**INPUT DATA:**
+---+

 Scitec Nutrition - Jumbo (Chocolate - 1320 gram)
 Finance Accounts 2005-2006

+---+

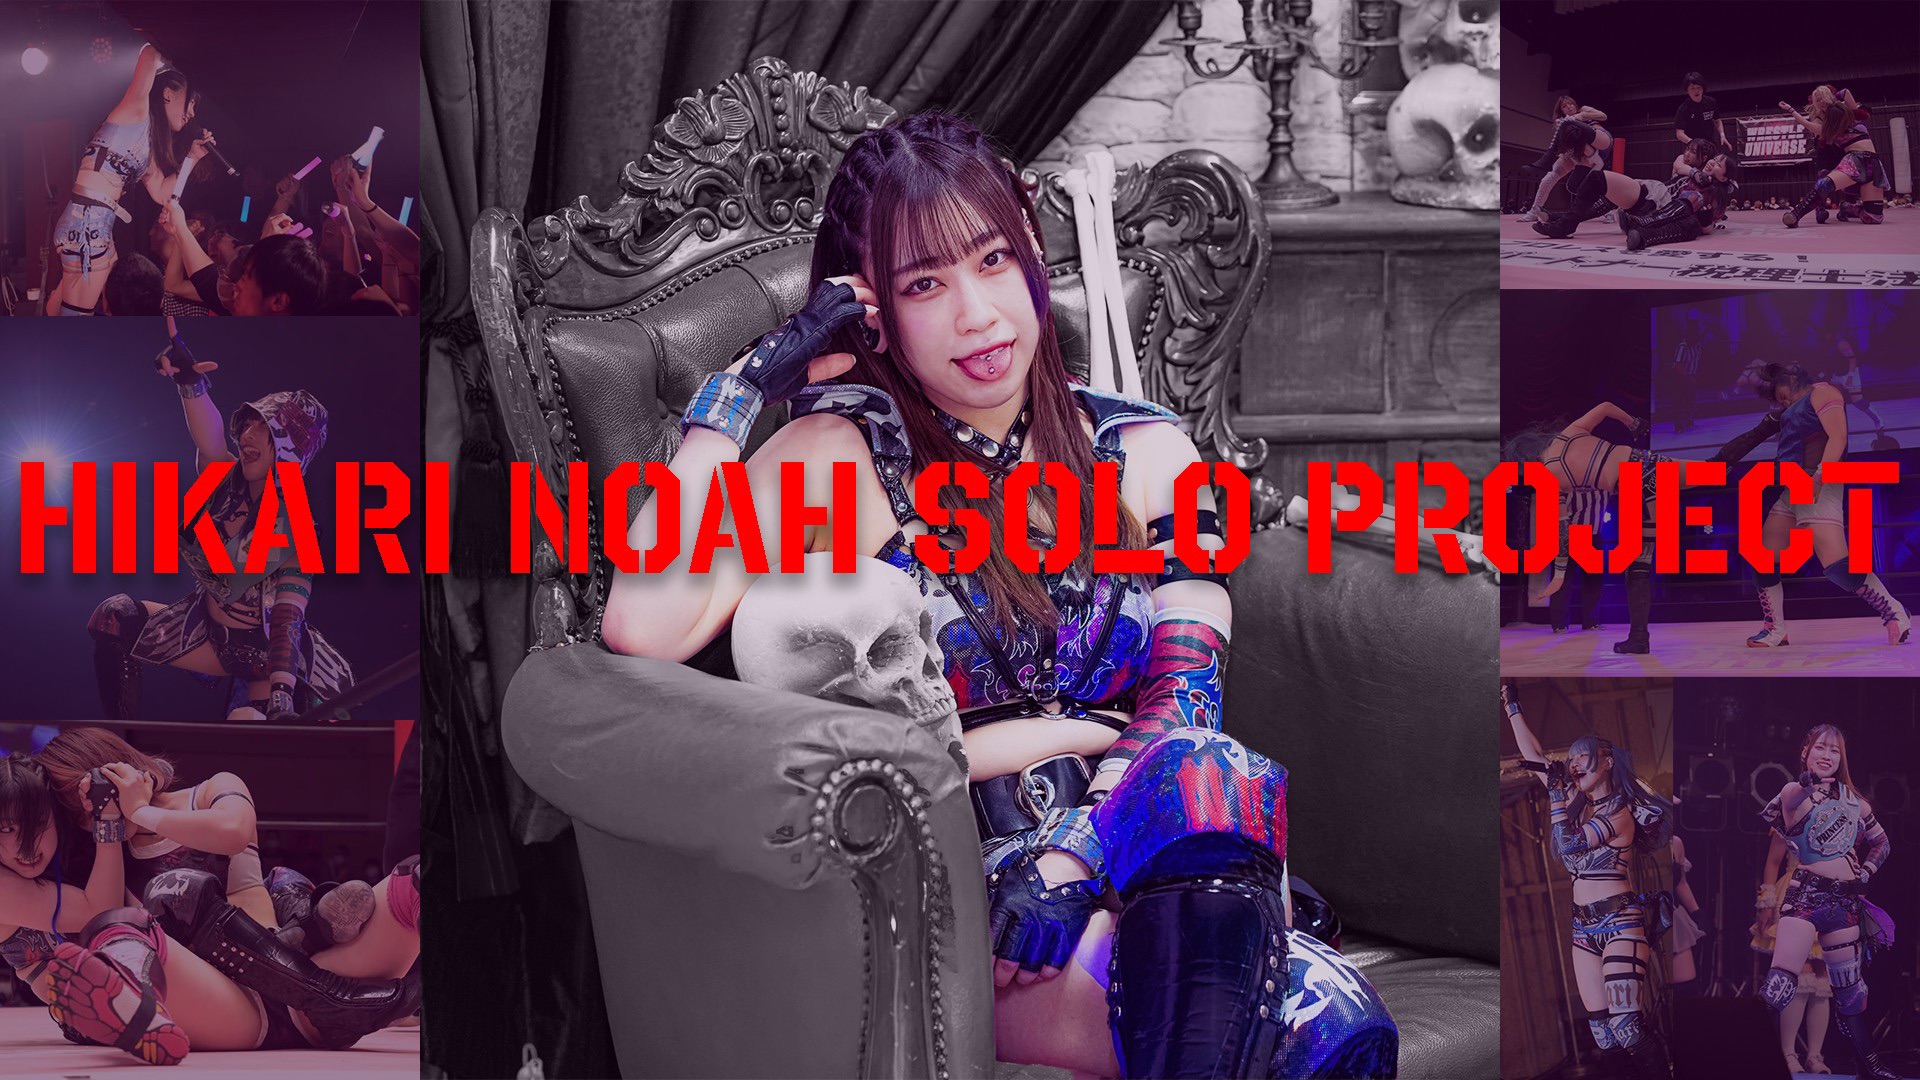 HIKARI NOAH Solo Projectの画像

+---+

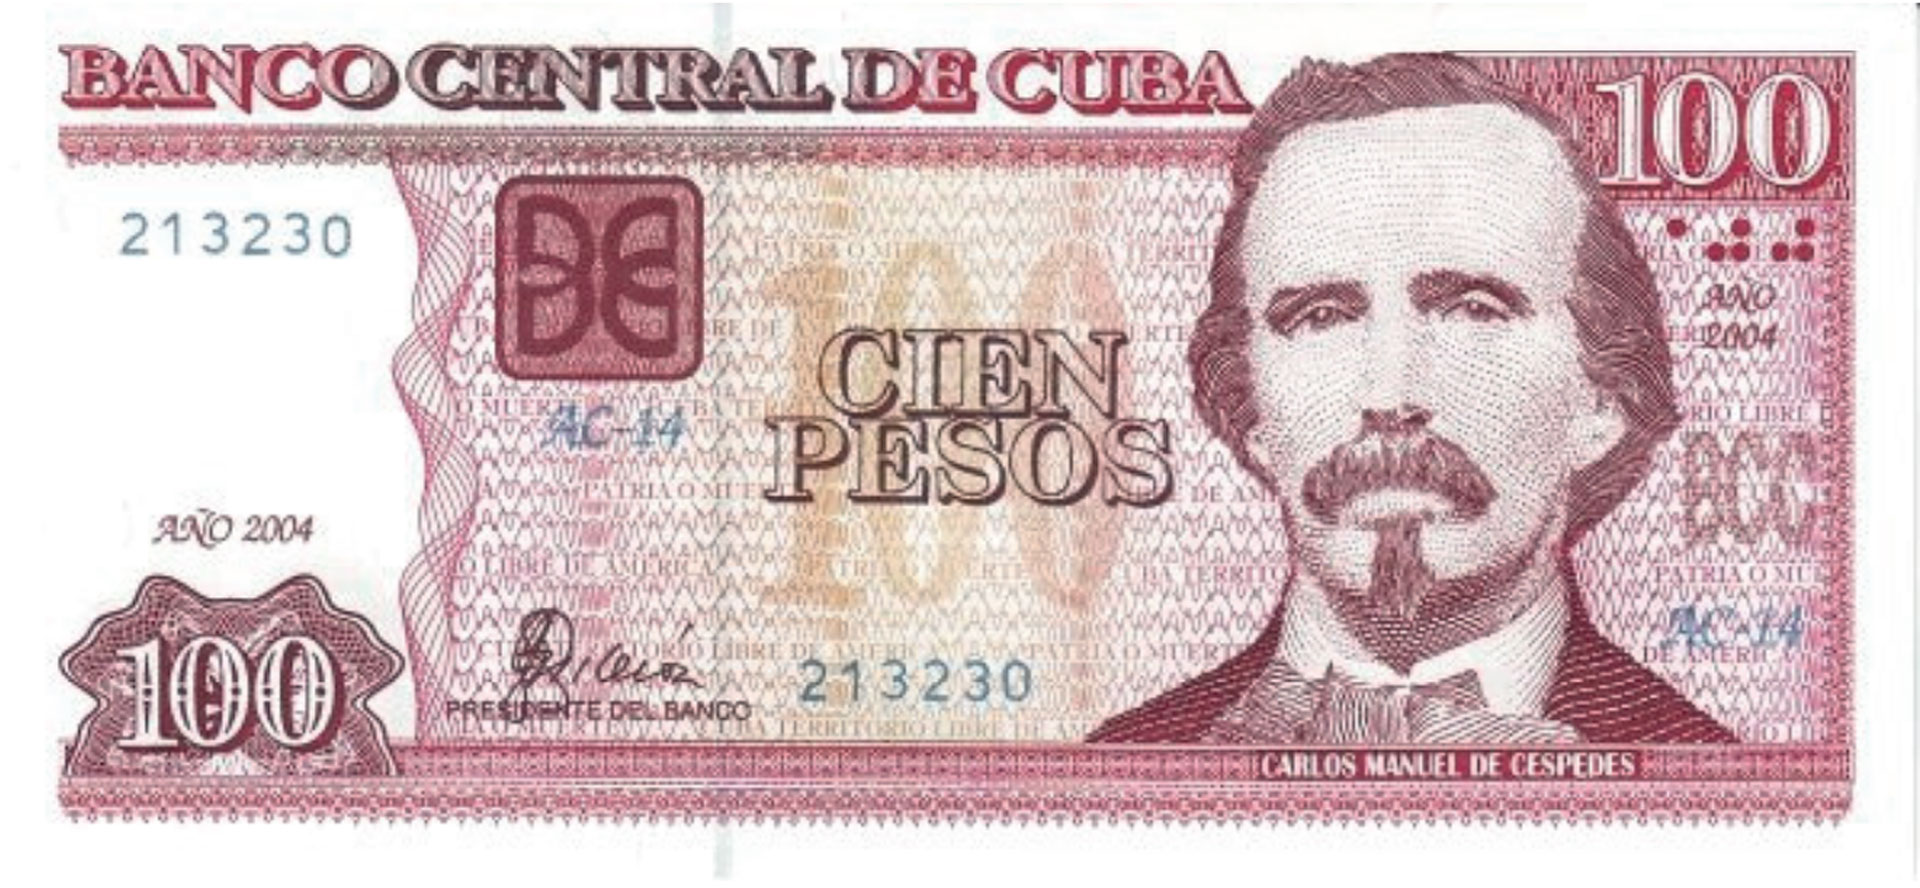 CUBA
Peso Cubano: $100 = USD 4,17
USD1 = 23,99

+---+

**YOUR TASK:**
Look back at the entries above. Retype the line with "Scitec Nutrition - Jumbo", the line with "Finance Accounts 2005-2006", and all lines in between.

**FINISHED EXERCISE:**
 Scitec Nutrition - Jumbo (Chocolate - 1320 gram)
 Finance Accounts 2005-2006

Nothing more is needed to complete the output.